Дамир накануне отравился, и ему пришлось два дня ничего не кушать, и я все сомневалась, стоит ли его вести в школу в таком состоянии. Но как можно лишить ребенка такого праздника? Он так радовался новенькому портфелю, новой форме, туфелькам! И все-таки решили, что уж полчаса торжественной линейки он выдержит.
Собрались все в классах со своими первыми учителями. Началась линейка, а первоклашки должны были выйти чуть позднее, их должна была встретить вся школа. Все детки были такие красивые! С огромными букетами цветов! И вот мы слышим: «Ждем новых учеников!» Первоклашки выстроились в коридорах...
И тут началась стрельба, шум. Все со двора кинулись в школу, кричали, в глазах ужас! Одна женщина с совершенно сумасшедшими глазами кричала: «Бегите, там террористы! Там стреляют!» Мы сначала были ошарашены и не понимали, что происходит. Все же думали, что это какая-то инсценировка. Все побежали кто куда. Мы с нашей соседкой Фатимой Бибоевой и ее двумя детьми - сыном-первоклассником и четырехлетней дочкой - были вместе. В какой-то момент Фатима потерялась, и я с ее детьми и Дамиром сломя голову побежала на второй этаж школы в актовый зал. С нами бежало еще много людей. Зал был закрыт, один мужчина взломал дверь, и мы там спрятались.
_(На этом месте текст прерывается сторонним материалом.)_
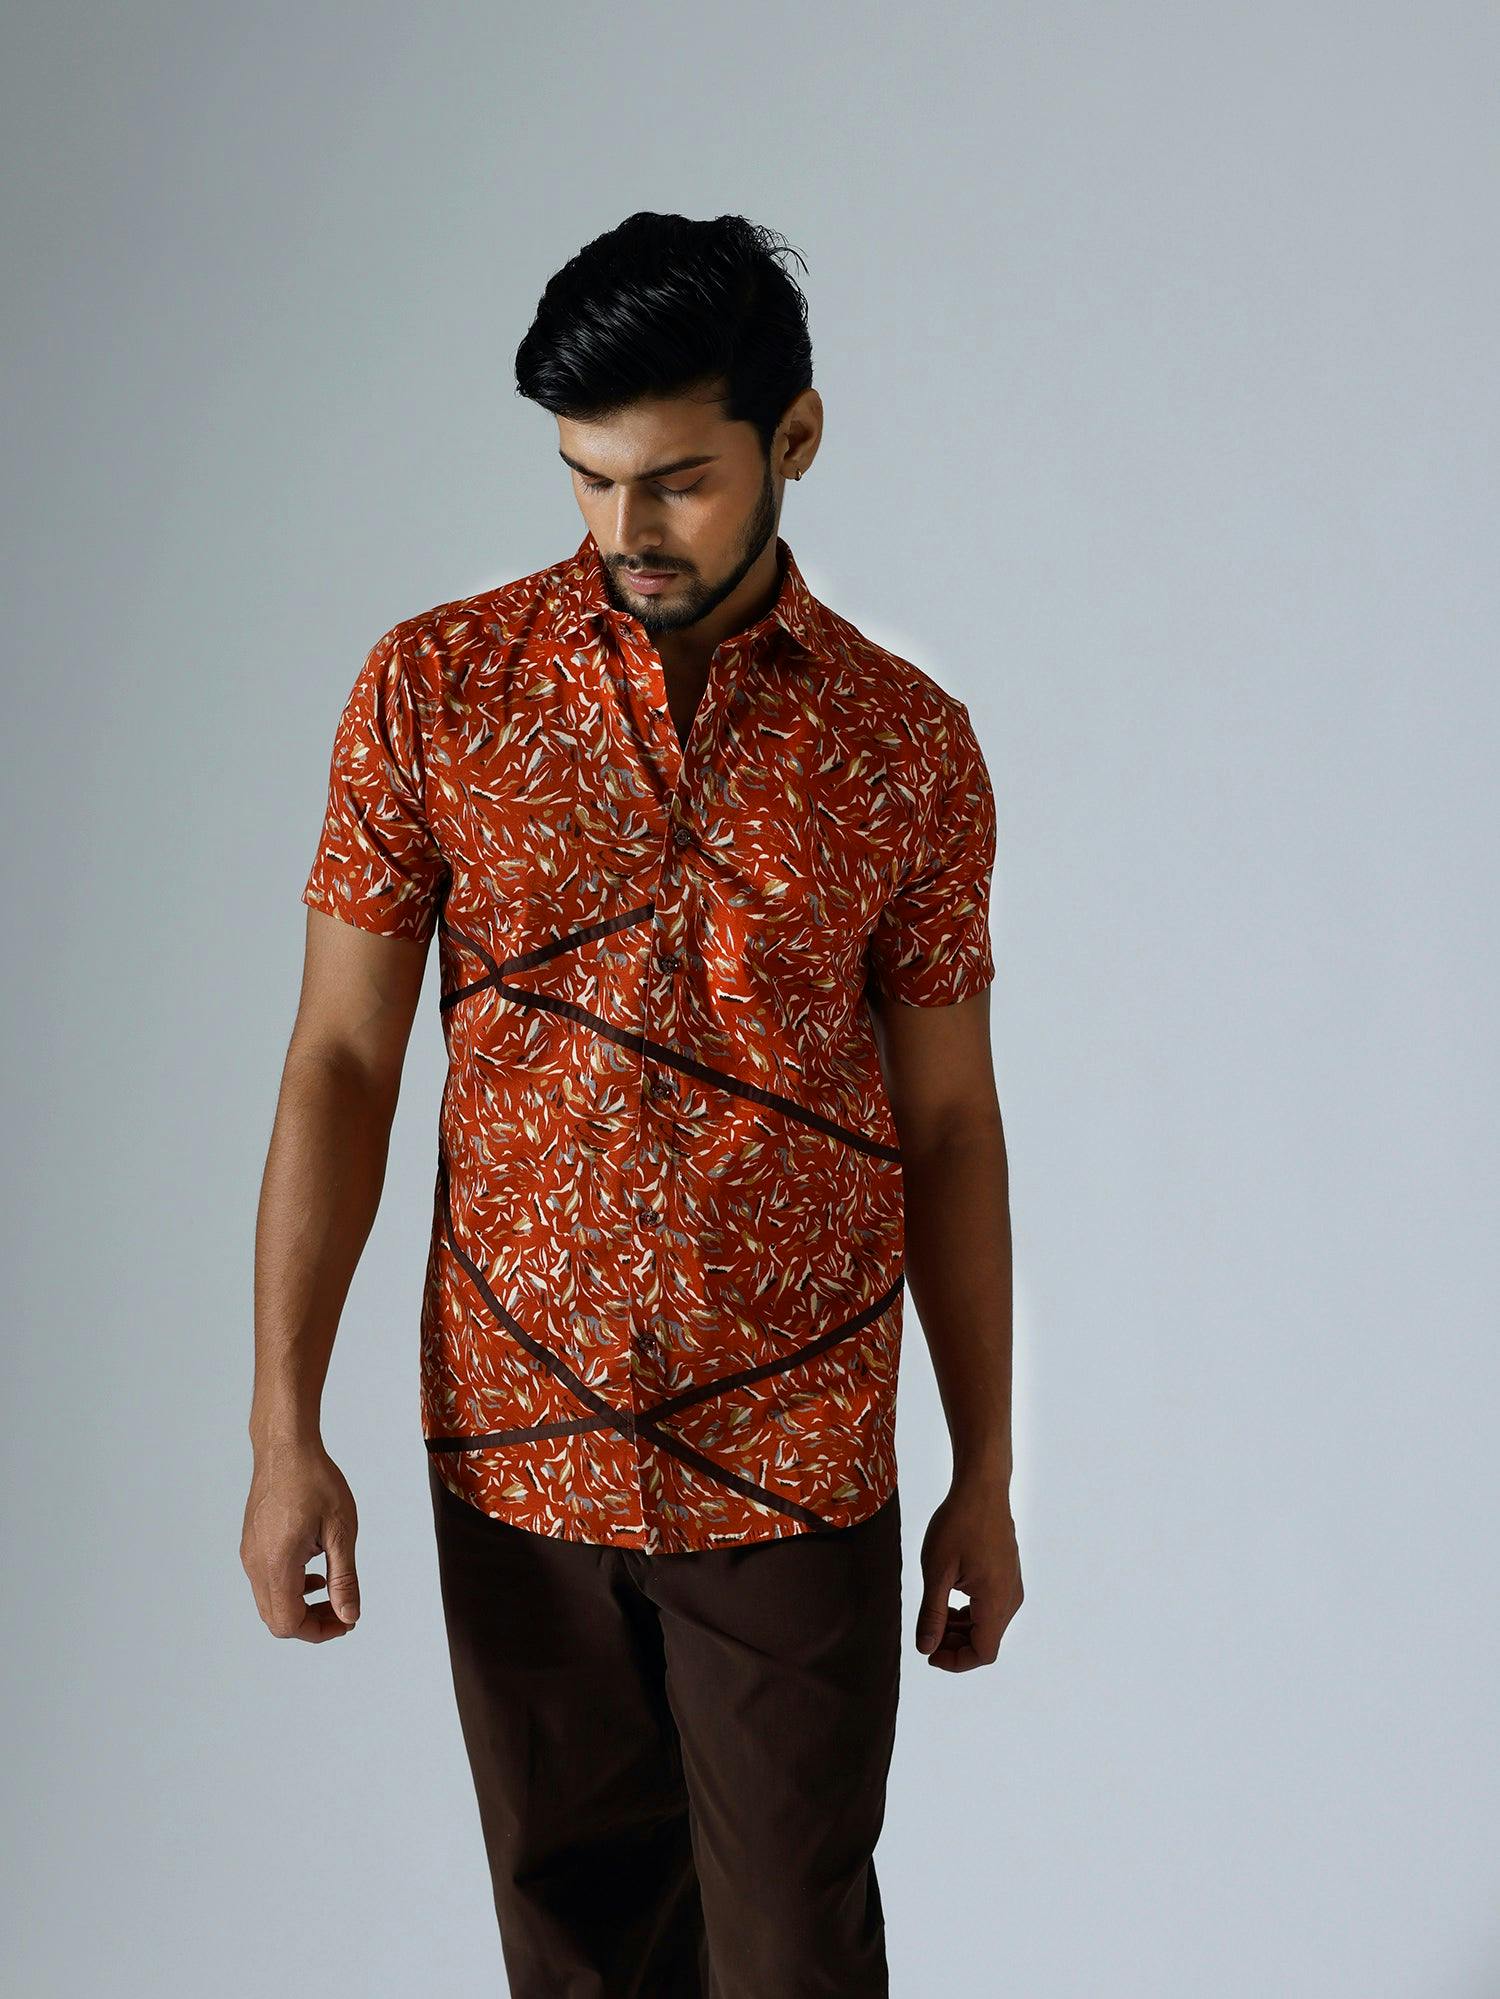 Waves Red Half sleeves Shirt, a product by KLAD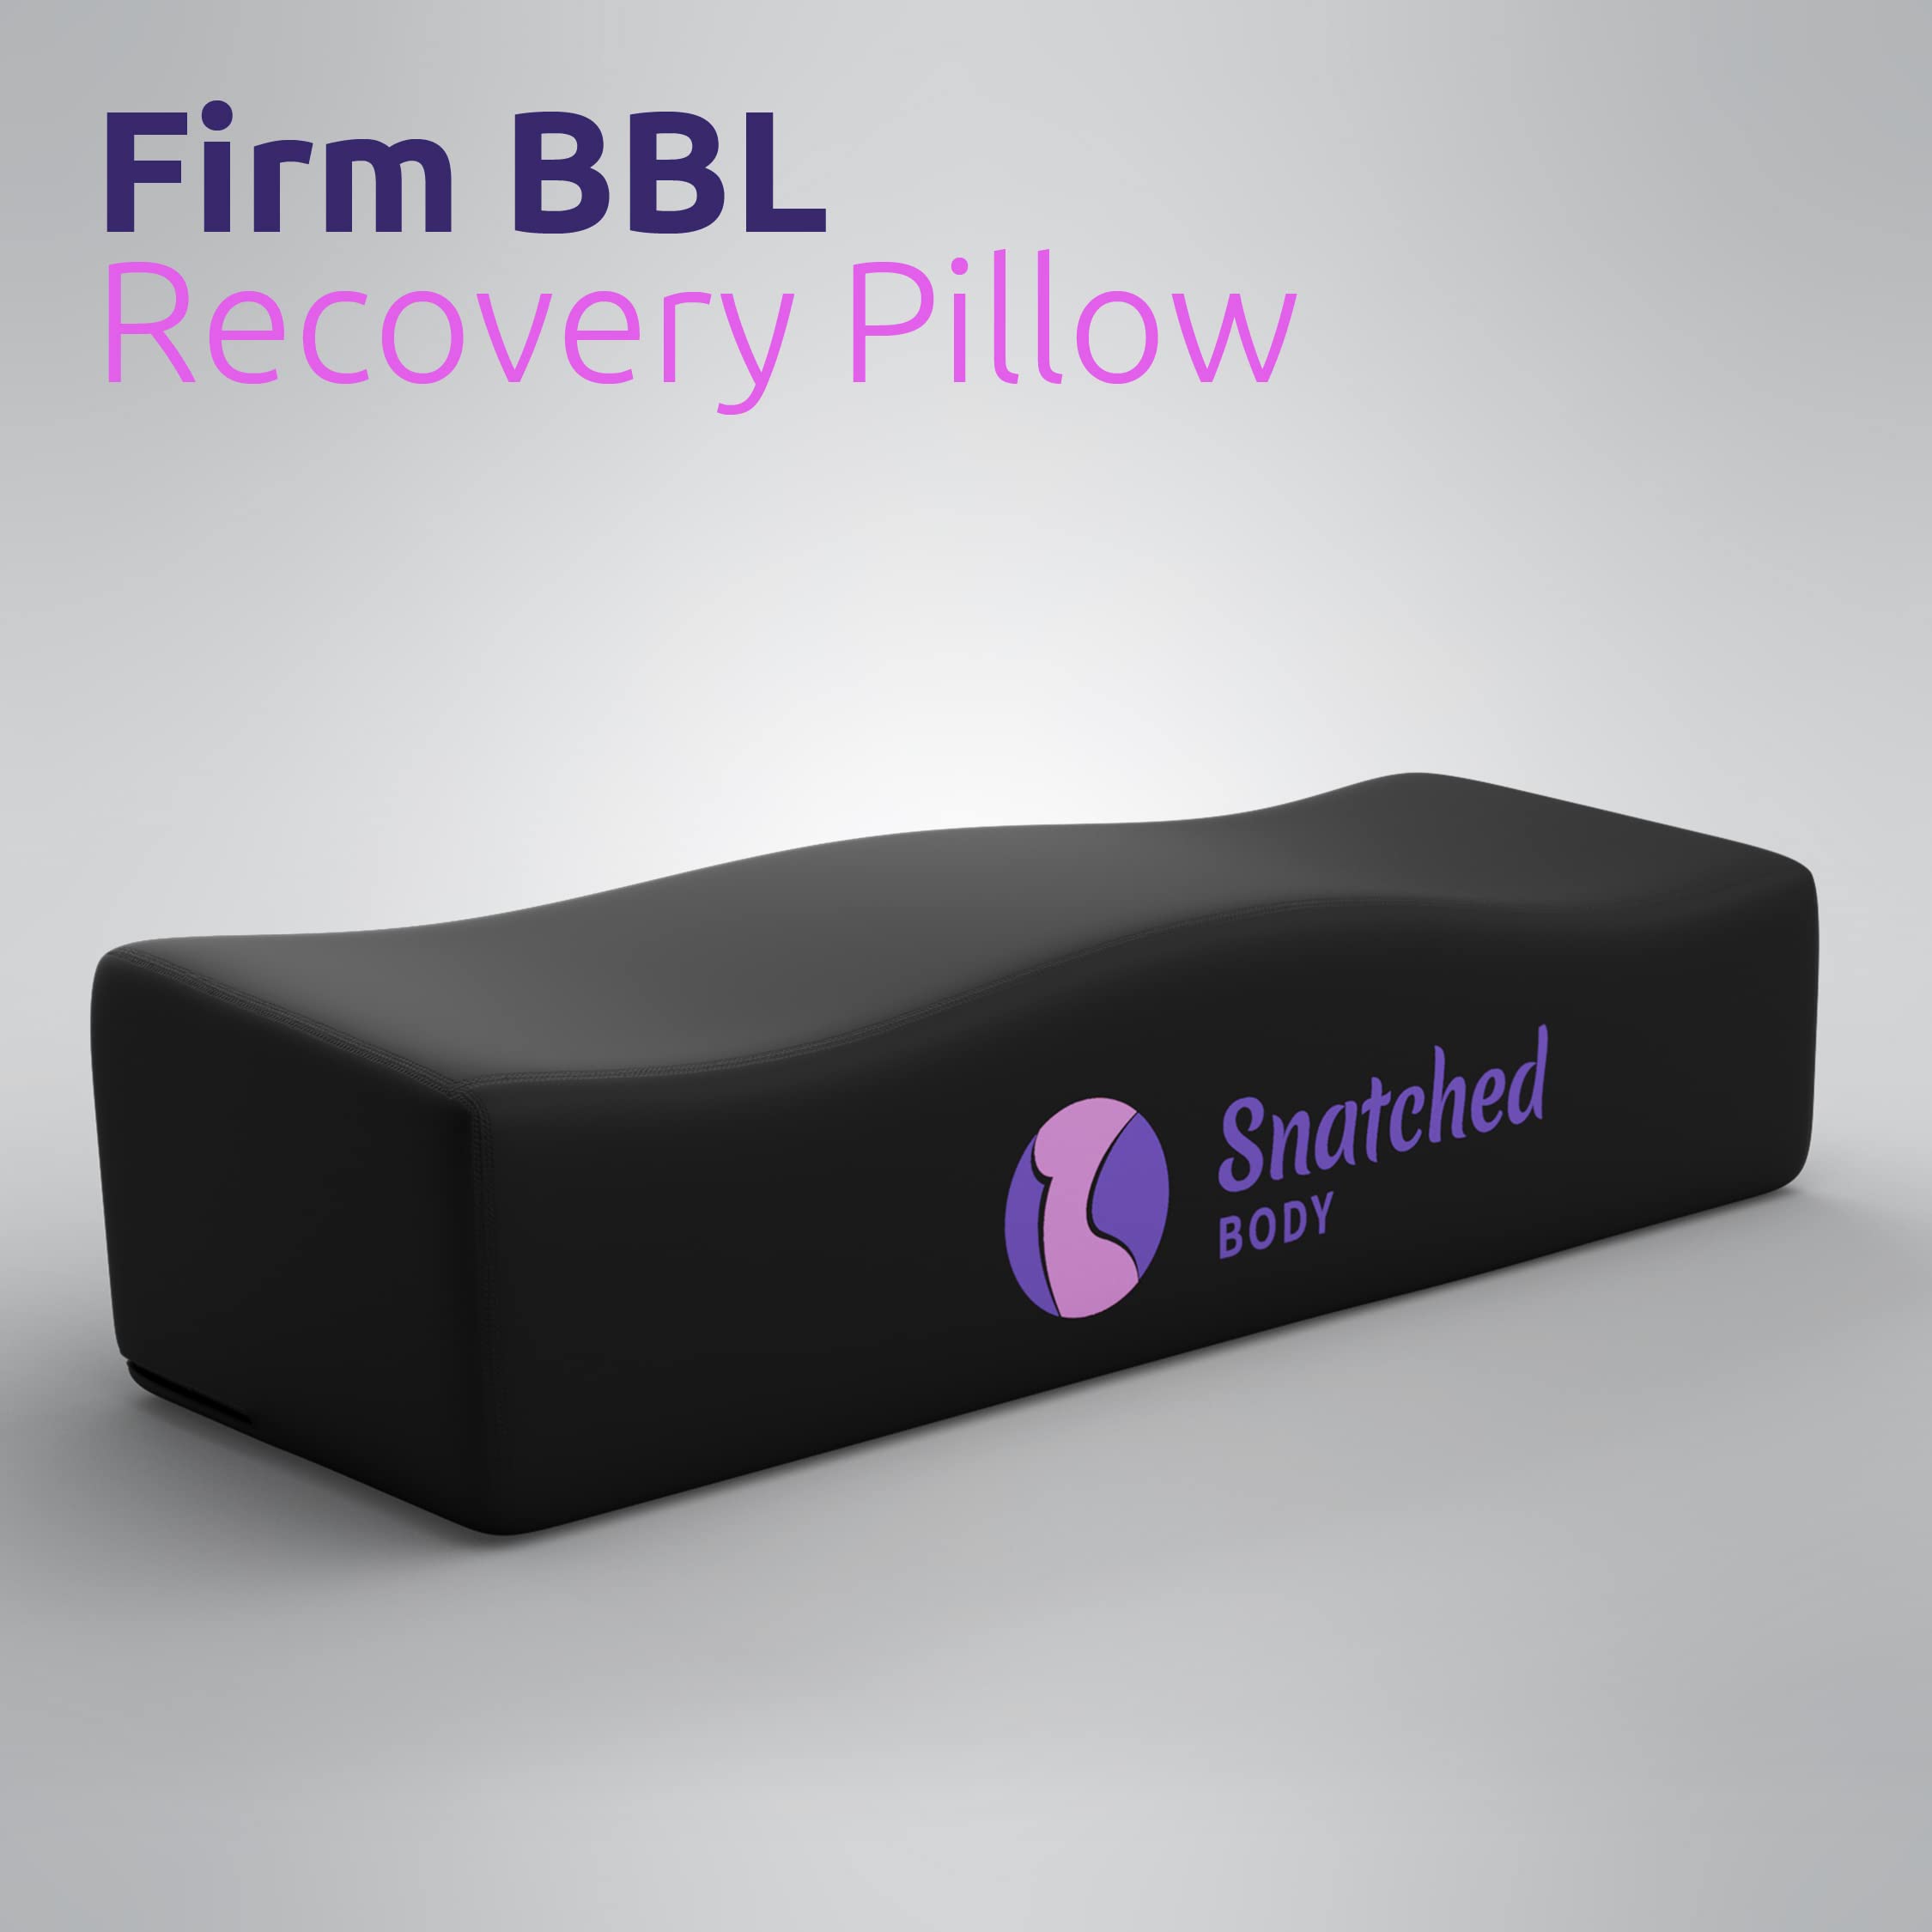 Snatched Body Back Support Post Surgery Soft BBL Booty Pillow After Surgery for Butt Recovery Cushion

Все это происходило на уровне инстинкта - куда-то бежать, прятаться, потому что прозвучало слово «боевики». Когда мы были в учительской комнате при актовом зале, Казбек Бадоев (его убили на второй день) давал нам указания, чтобы мы позвонили своим близким, сообщили, где мы, чтобы не кричали. Вокруг была стрельба, шум, но мы все же еще надеялись, что это проходят какие-то учения. Просто в голове не укладывалось, что у нас здесь, рядом с отделением милиции, может произойти что-то страшное... Бедные дети смотрели на нас молящими глазами и твердили: «Все кончится? За нами придут? Нас выведут отсюда?»
Так прошло минут 20. Стало тихо. Мы услышали шаги, и кто-то ударом ноги открыл нашу дверь. Зрелище было жутким: мужчина был в маске, во всем черном, в огромных черных ботинках, с автоматом в руках, весь обвешанный патронташем, гранатами. Мы постарались детей успокоить, Казбек сказал, что этот дядя нас сейчас отсюда выведет. И в сопровождении этого боевика мы гуськом перешли в спортзал. Там уже было очень много людей, боевики развешивали мины, устанавливали бомбы. Первый убитый, Руслан Бетрозов, был там же в зале, и так как мы попали в спортзал последними, единственное свободное место было только рядом с ним...
Конечно, в мире происходили и более страшные вещи, многие люди пережили более ужасные события, но каждая мать меня поймет... Когда твой ребенок идет на праздник, радуется предстоящему событию, и тут такое... В самом начале жизни у него такой перелом, такой кошмар...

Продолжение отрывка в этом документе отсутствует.